Summary:	[GSS] due an issue with the API server the Whereabouts ability to query for the IP address was hampered.
Product:	OpenShift Container Platform	Reporter:	amansan <amanzane>
Component:	Unknown	Assignee:	Sudha Ponnaganti <sponnaga>
Status:	CLOSED DEFERRED	QA Contact:	Jianwei Hou <jhou>
Severity:	high	Docs Contact:
Priority:	high
Version:	4.9	CC:	aglotov, akashem, azaky, brgardne, cldavey, eparis, mfojtik, openshift-bugs-escalate, parodrig, wlewis, xxia
Target Milestone:	---
Target Release:	---
Hardware:	Unspecified
OS:	Unspecified
Whiteboard:
Fixed In Version:		Doc Type:	If docs needed, set a value
Doc Text:		Story Points:	---
Clone Of:		Environment:
Last Closed:	2023-03-09 01:47:38 UTC	Type:	Bug
Regression:	---	Mount Type:	---
Documentation:	---	CRM:
Verified Versions:		Category:	---
oVirt Team:	---	RHEL 7.3 requirements from Atomic Host:
Cloudforms Team:	---	Target Upstream Version:
Embargoed:

Comment 8 Blaine Gardner 2022-08-01 15:24:41 UTC

The issue this customer is experiencing is resulting in errors with ODF storage applications when upgrading, causing instability. Is anyone assigned to look at this issue?

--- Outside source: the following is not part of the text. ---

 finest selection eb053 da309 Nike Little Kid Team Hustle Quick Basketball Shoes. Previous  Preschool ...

I am also attempting to reset the assignees to default in case there have been any changes there causing this issue to get lost.

Blaine

Comment 15 Abu Kashem 2022-09-06 15:11:05 UTC

TLDR for me

> I0602 09:14:02.592387 2889416 request.go:655] Throttling request took 1.177089099s, request: GET:https://api-int.ocp.cloud.stc:6443/apis/lighthouse.submariner.io/v2alpha1?timeout=32s
> ...
> I0602 09:14:32.593139 2889416 leaderelection.go:243] attempting to acquire leader lease openshift-multus/whereabouts...

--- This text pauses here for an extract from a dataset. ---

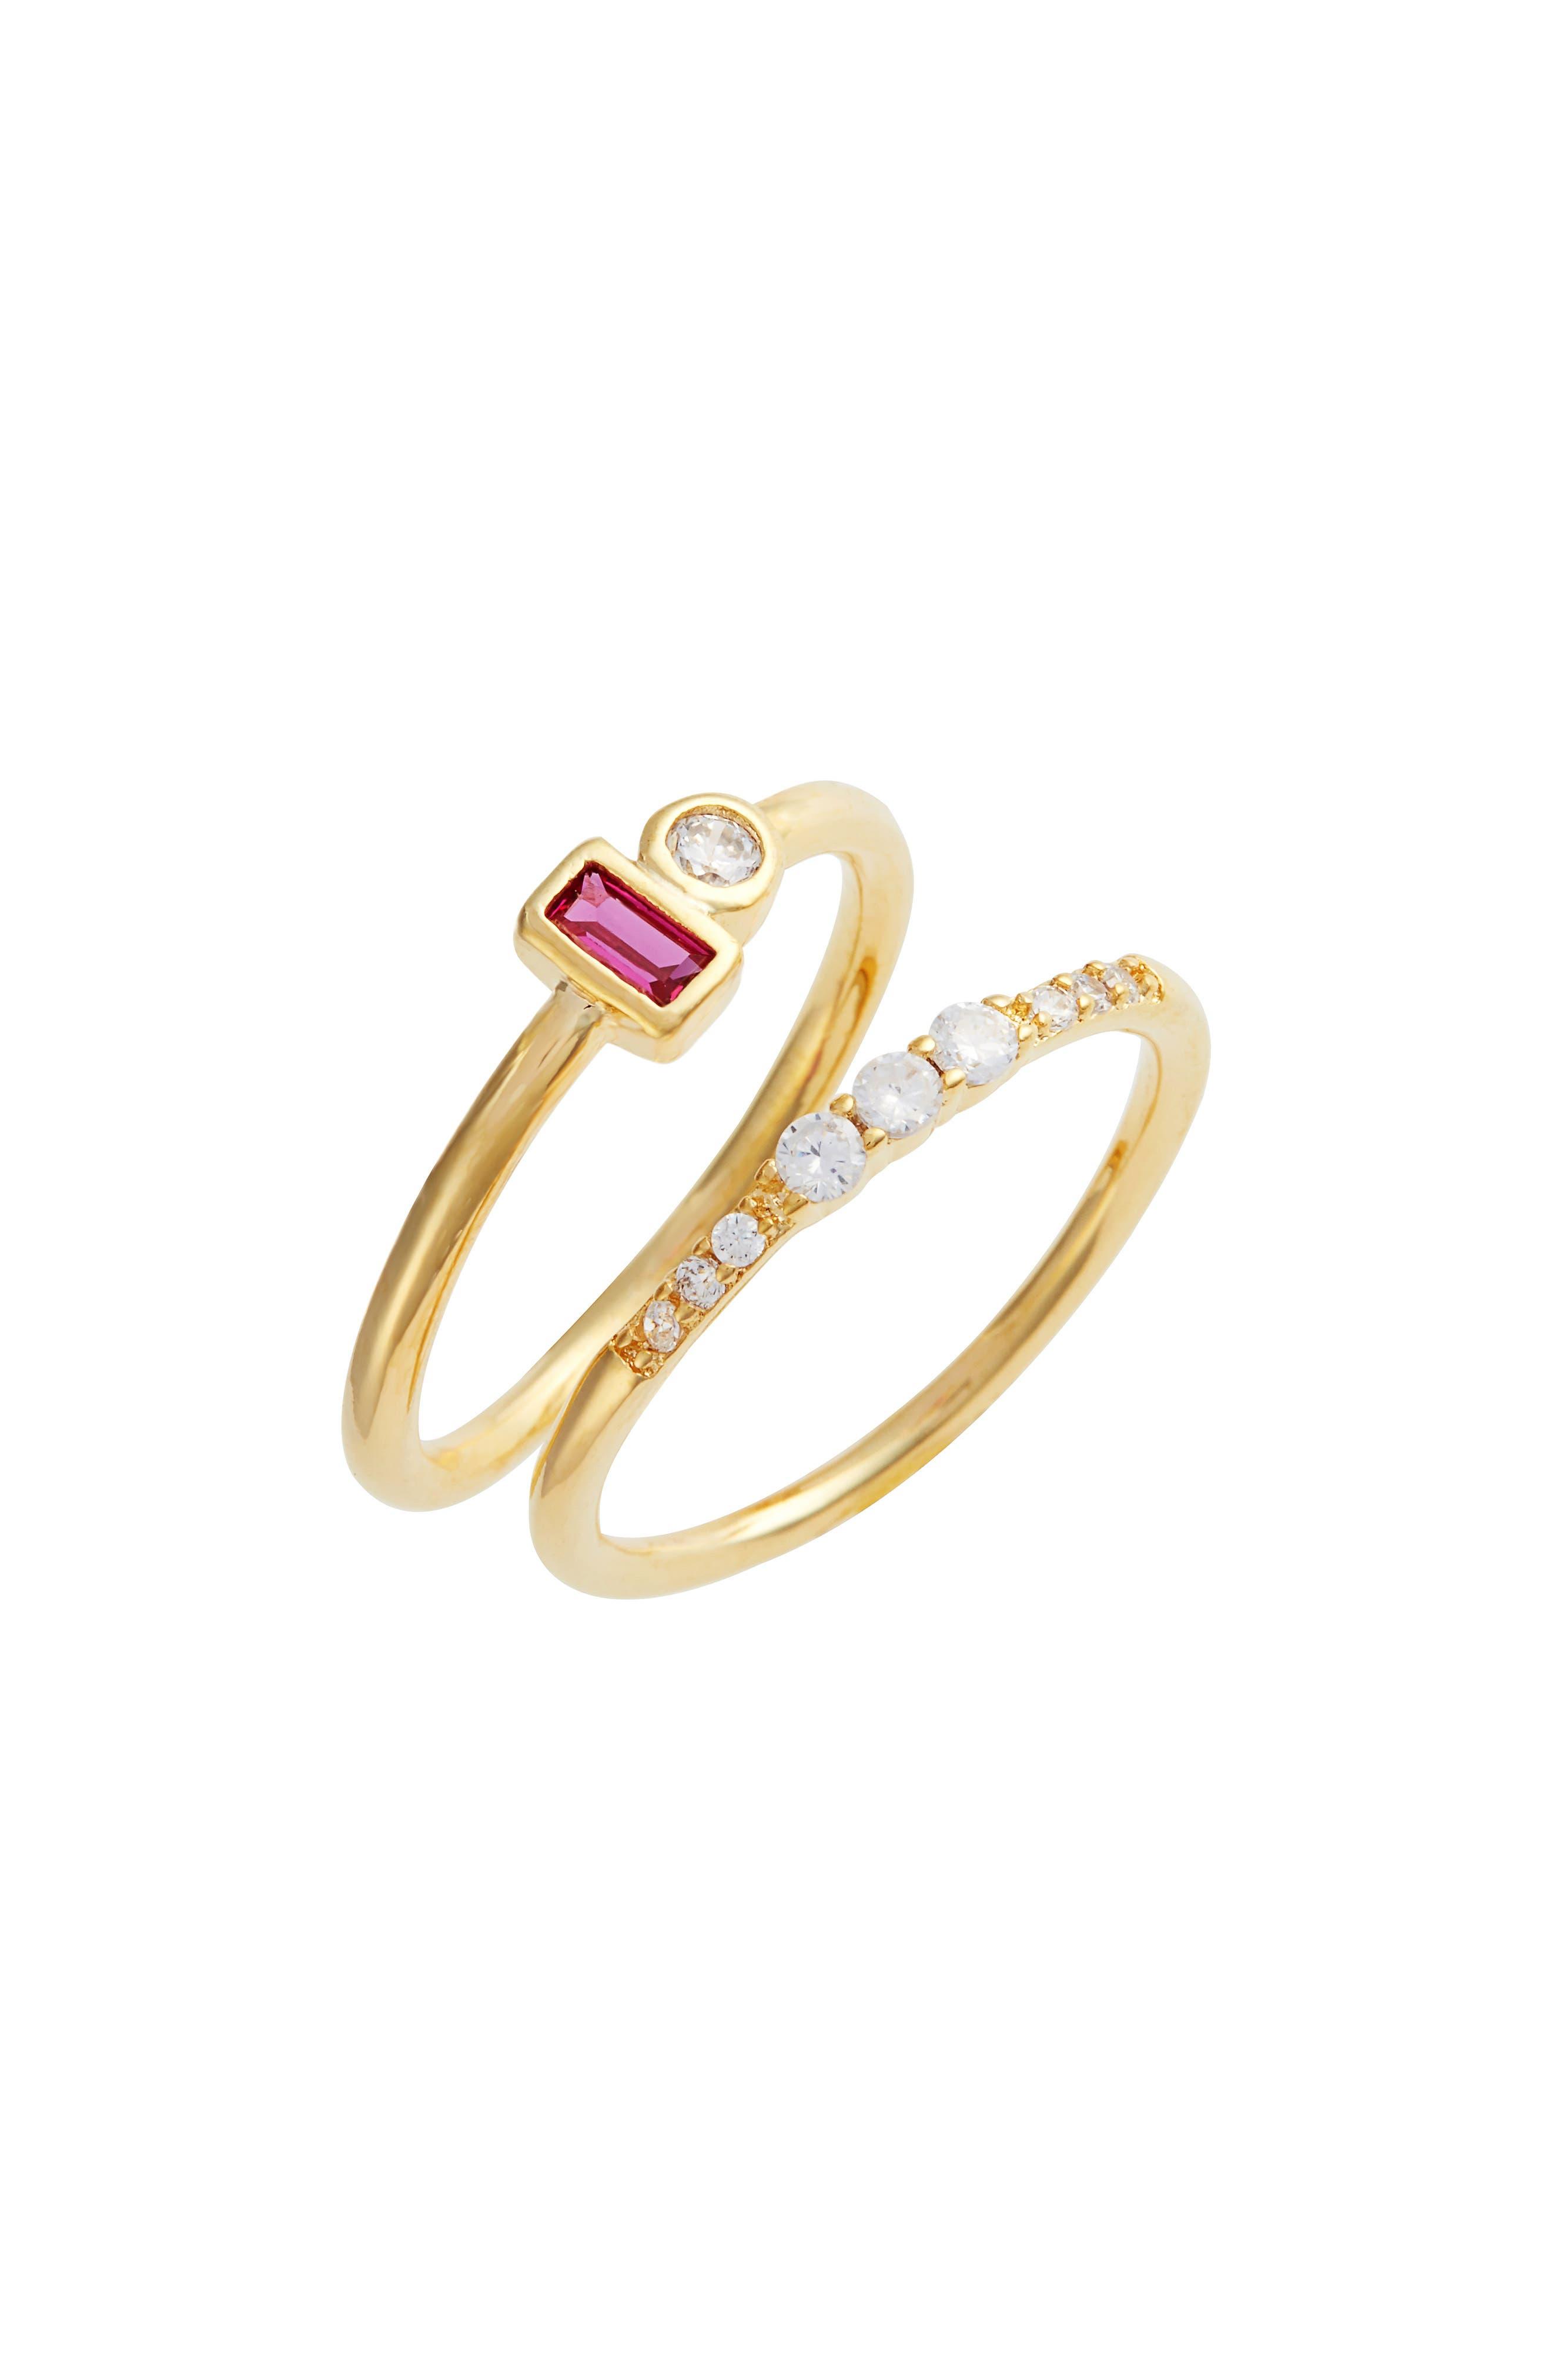 Tatiana Set of 2 Garnet & Crystal Rings,                         Main,                         color,

> There's a 30 second delay there before Whereabouts was able to get information from the k8s api (e.g. about the pod and it's own IP address pools)

My thoughts:
I assume the log is from some component/operator (not kube-apiserver). Can you confirm which component the log is from?

> Throttling request took 1.177089099s,

This is a very misleading message, we fixed this in newer client-go version. In most cases, this indicates client side throttling, nothing to do with the apiserver
and the gap of 30s in the log does not seem to be related to api slowness. 
The component in question is attempting to acquire leader lease, and whether it is delaying in doing that will depend on lease configuration. I would recommend checking the leader election logs of the component (multus).

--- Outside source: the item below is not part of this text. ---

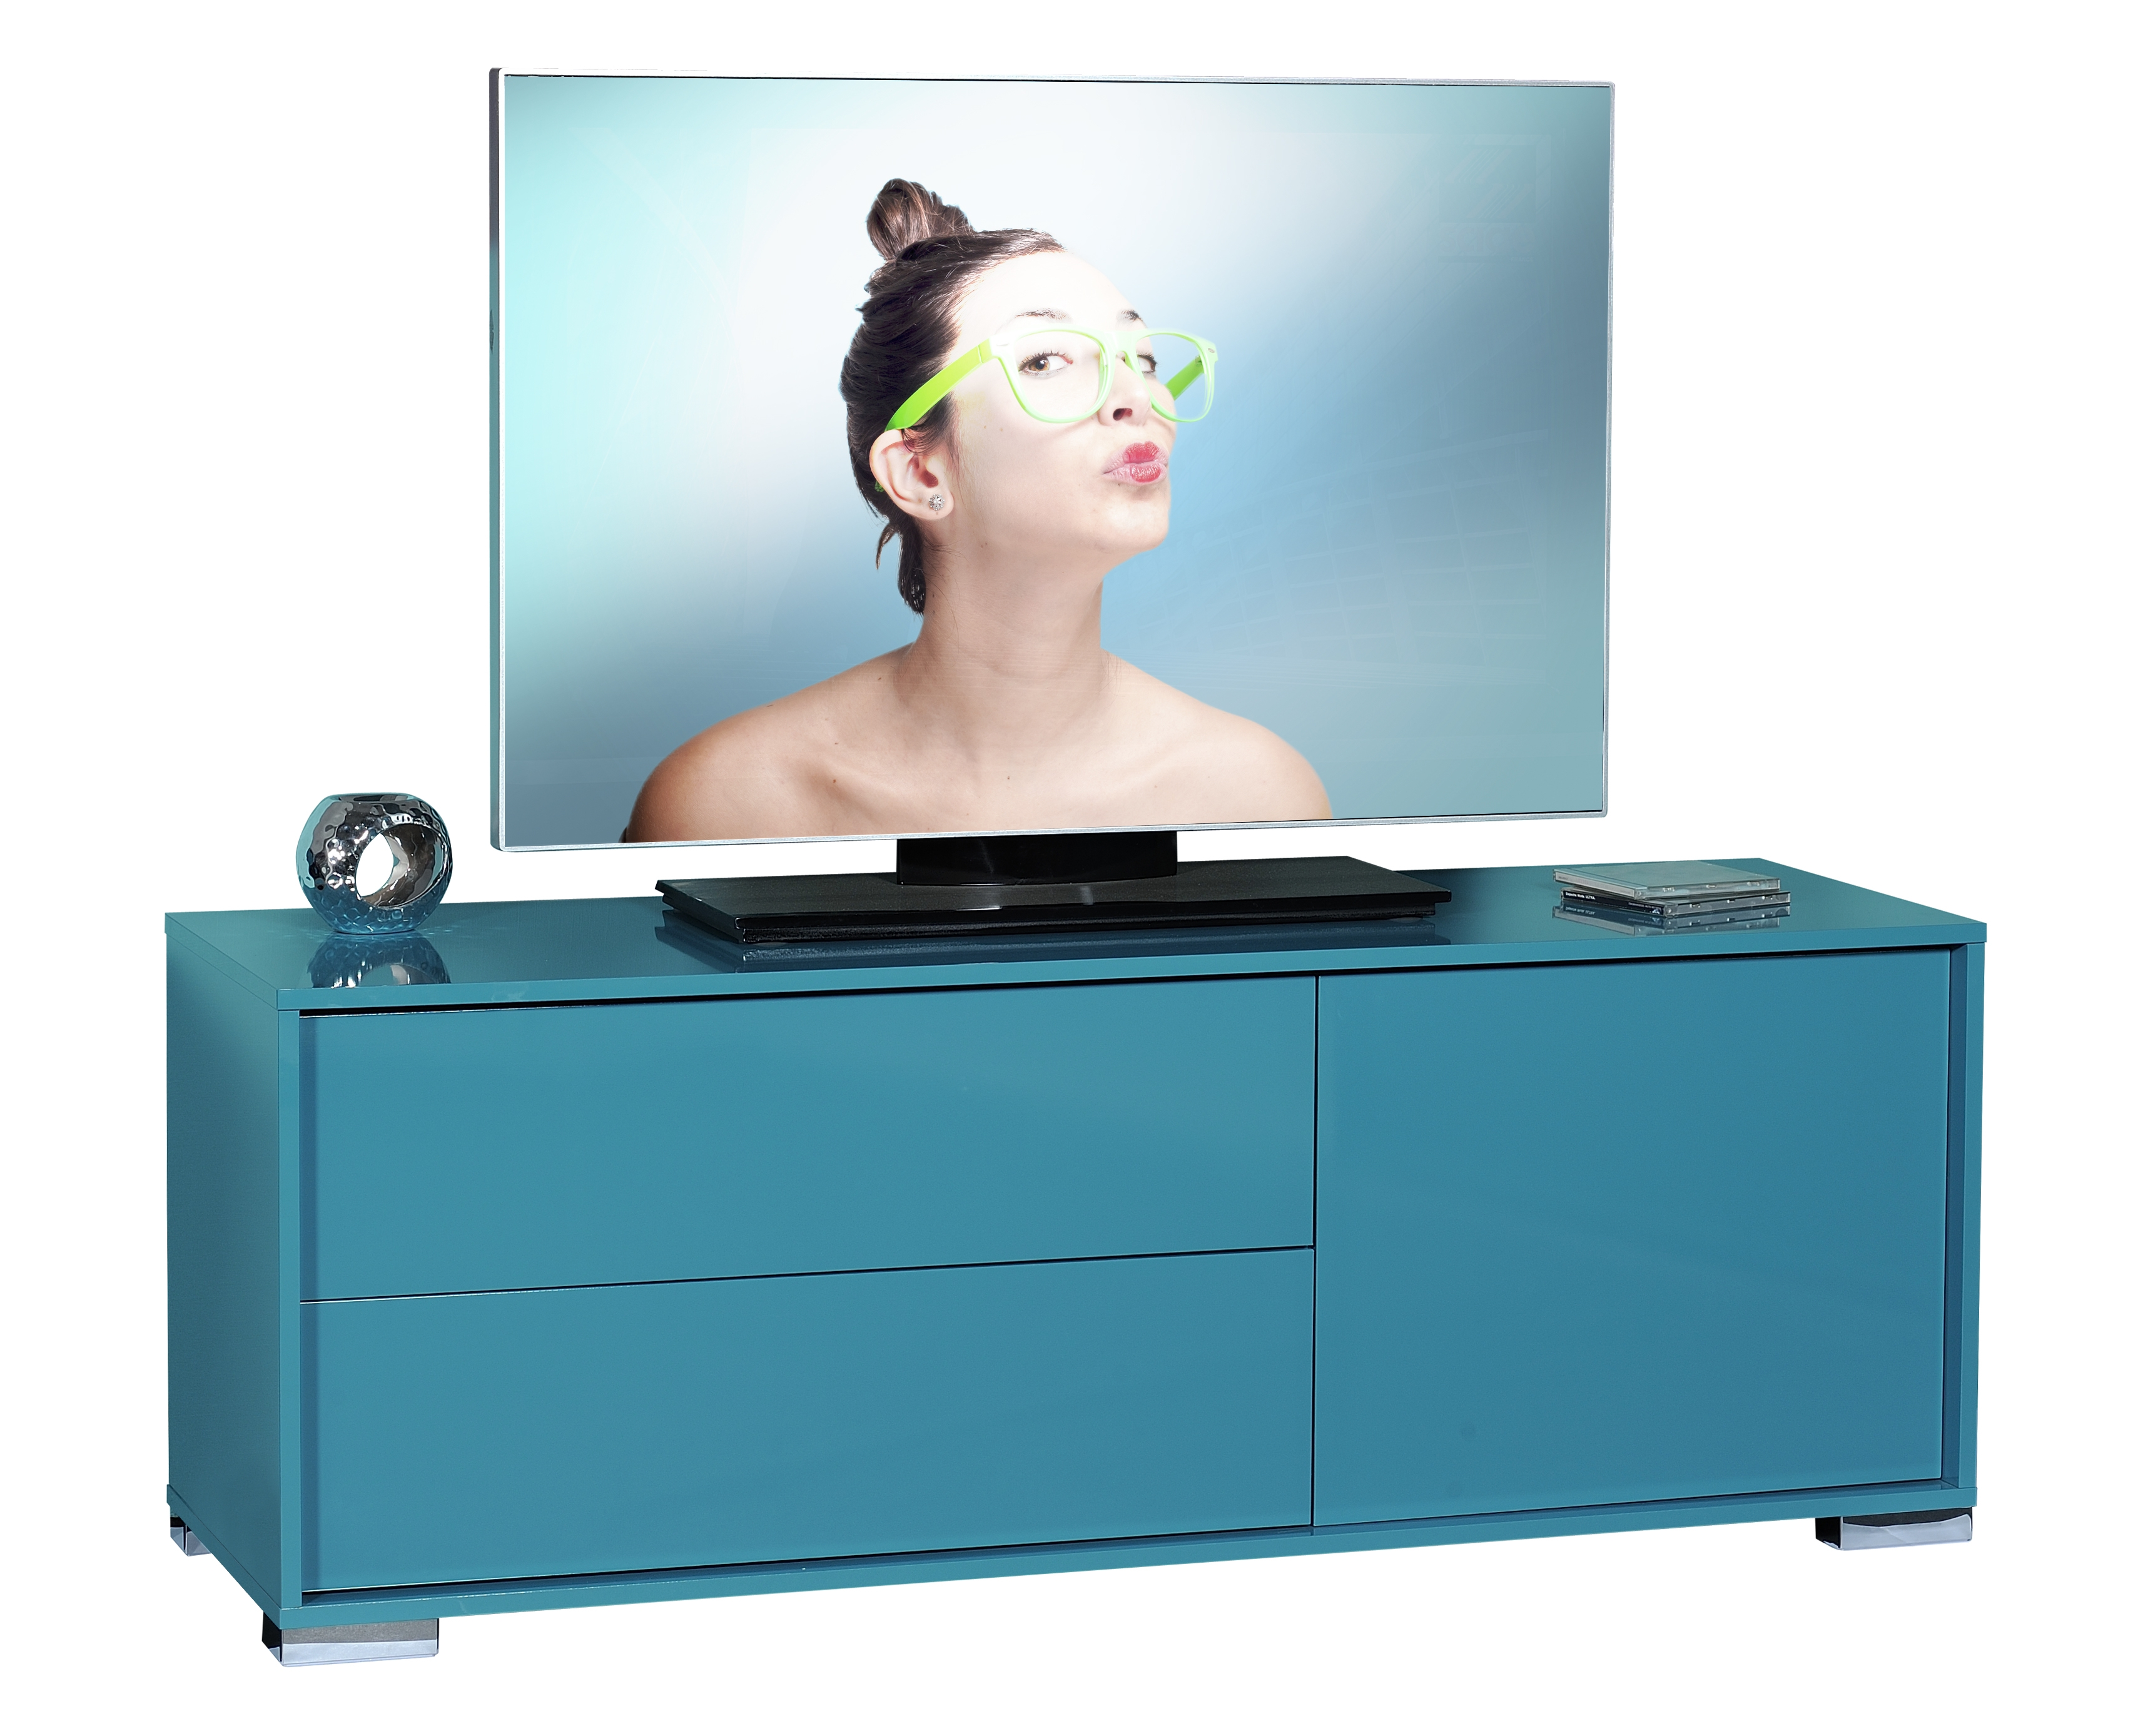 Meuble TV Bleu brillant Like  LesTendancesfr -> Meuble Tv Bleu

If you think the API is slow (as seen by multus?), there are a few things you can do to verify it:
- If the customer is running the kube-apiserver in log level 3 or more, then grep for 'httplog.go' in kube-paiserver logs and you can see all the requests coming to the apiserver, each request line has user agent so you can narrow it down to the component in question, and then check the latency
- If log level is below 3, then you can grep the audit logs, and check the latency of the API requests coming from the component

Once we prove that API is slow, then we can dig deeper to find the root cause.

Comment 17 Blaine Gardner 2022-09-19 21:15:59 UTC

Has anyone taken a look at the events Alicia attached? I see a lot o these

> error killing pod: [failed to "KillContainer" for "db" with KillContainerError: "rpc error: code = Unknown desc = failed to stop container 6efbd62f186ab05cf13839a7e707c5ace293bb3627ab0bbd7744a8f7bf0bc9cd: context deadline exceeded", failed to "KillPodSandbox" for "bd72ee75-45d9-45af-9d42-78e785861e1d" with KillPodSandboxError: "rpc error: code = DeadlineExceeded desc = context deadline exceeded"]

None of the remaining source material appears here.